“All they want is their money,” I said. Count Jack had always resented paying lawyers and accountants, with the result that he had signed disastrous recording contracts and only filed tax returns when the bailiffs were at the door. This entire Martian tour would barely meet his years of outstanding tax, plus interest. “Then they’ll leave you alone.”
“No, they won’t. They won’t ever let me alone. They know Count Jack is a soft touch. They’ll be back, the damnable dunners. Once they’ve got the taste of your blood, they won’t ever let their hooks out of you. Parasites. I am infested with fiscal parasites. Tax, war, and old age. They make everything gross and coarse and pointless.”
Beams of white light flickered along the twilight horizon. I could not tell whether they were from sky to ground or ground to sky. The fleet had gone. The heat rays danced along the edge of the world, flickered out. New beams took their place. Flashes beyond the close horizon threw the hills into momentary relief. I cried out as the edge of the world became a flickering palisade of heat rays. Count Jack was on his feet. The flashes lit his face. Seconds later, the first soft rumble of distant explosions reached us. The Twav deckhands fluttered on their perches. I could make out the lower register of their consternation as a treble shrill. The edge of the world was a carnival of beams and flashes. I saw an arc of fire descend from the sky to terminate in a white flash beneath the horizon. I did not doubt that I had seen a skymaster and all her crew perish, but it was beautiful. The sky blazed with the most glorious fireworks. Count Jack’s eyes were wide with wonder. He threw his hand up to shield his eyes as a huge midair explosion turned the night white. Stark shadows lunged across the deck; the Twav rose up in a clatter of wings.
“Oh, the dear boys, the dear boys,” Count Jack whispered. The sound of the explosion hit us. It rattled the windows on the pilot deck, rattled the bottle and glasses on the table. I felt it shake the core of my being, shake me belly and bowel deep. The beams winked out. The horizon went dark.

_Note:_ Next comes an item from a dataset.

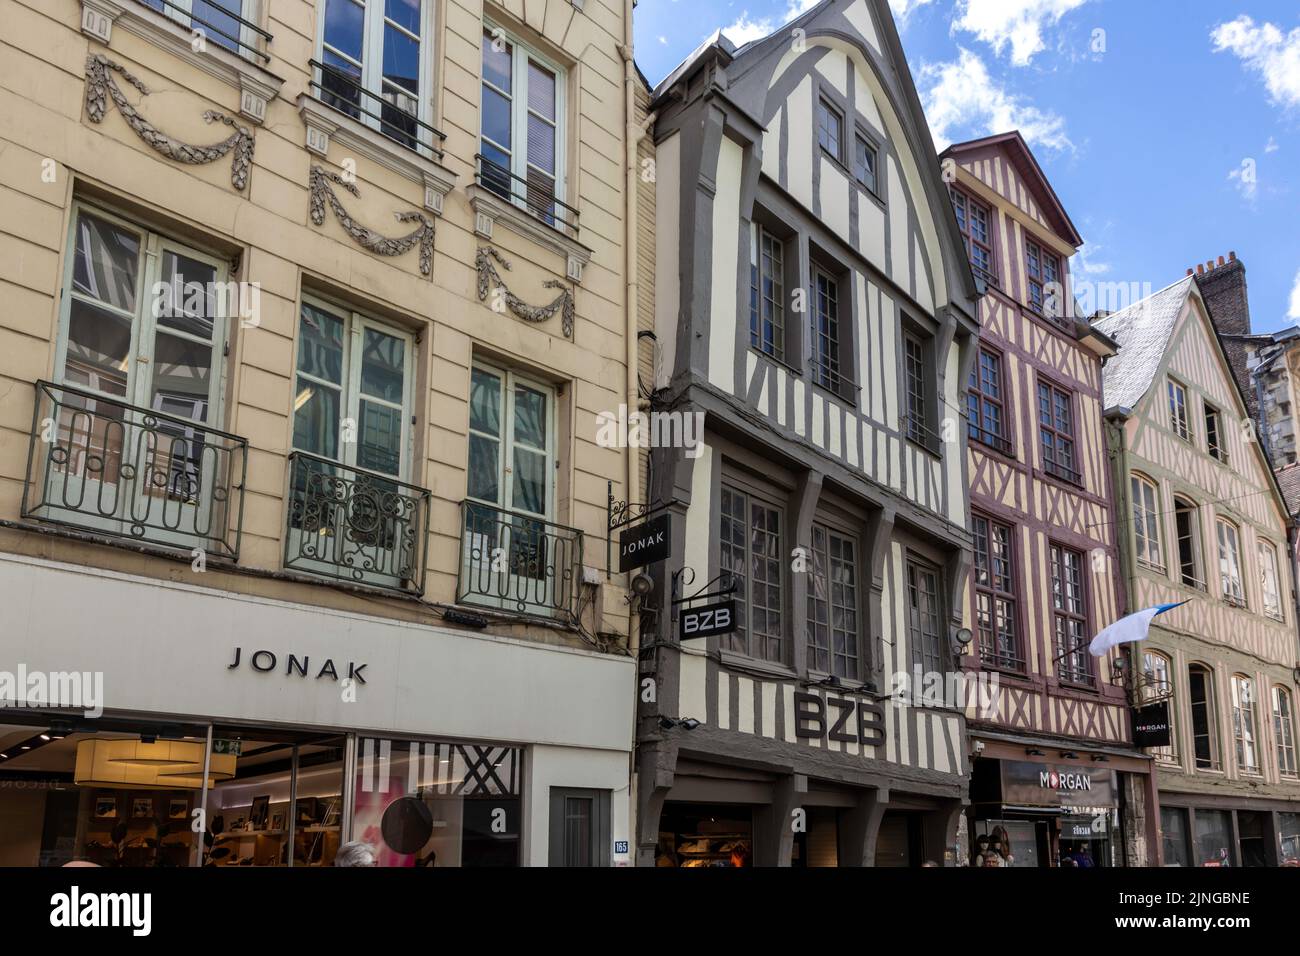 Typical timber-framed buildings in Rouen's old town in Normandy France Stock Photo

We had seen a great and terrible battle, but who had fought, who had won, who had lost, whether there had been winners or losers, what its goals had been—we knew none of these. We had witnessed something terrible and beautiful and incomprehensible. I lifted the untouched glass of wine and took a sip.
“Good God,” Count Jack said, still standing. “I always thought you didn’t drink. Religious reasons and all that.”
“No, I don’t drink for musical reasons. It makes my joints hurt.”
I drank the wine. It might have been vinegar, it might have been the finest wine available to humanity, I did not know. I drained the glass.
“Dear boy.” Count Jack poured me another, one for himself, and together we watched the edge of the world glow with distant fires.
We played Camp Avenger on a stage rigged on empty beer barrels to a half-full audience that dwindled over the course of the concert to just six rows. A Brigadier who had been drinking steadily all through the concert tried to get his troopers up on stage to dance to the Medley of Ould Irish Songs. They sensibly declined. He tripped over his own feet trying to inveigle Count Jack to dance to “Walls of Limerick” with him and went straight off the stage. He split his head open on the rim of a beer keg.
At Syrtia Regional Command, the audience was less ambiguous. We were bottled off. The first one came looping in even as Count Jack came on, arms spread wide, to his theme song, “I’ll Take You Home Again, Kathleen.” He stuck it through “Blaze Away,”
“I’ve had worse in Glasgow Empire,” he said. His voice was stiff with pride. I never admired him as much. “Can you do something with these, dear boy?” He held out the wet, reeking dress suit. “And run me a bath.”
We took the money, in full and in cash, and went on, ever up the ever-branching labyrinth of canals, ever closer to the battlefront.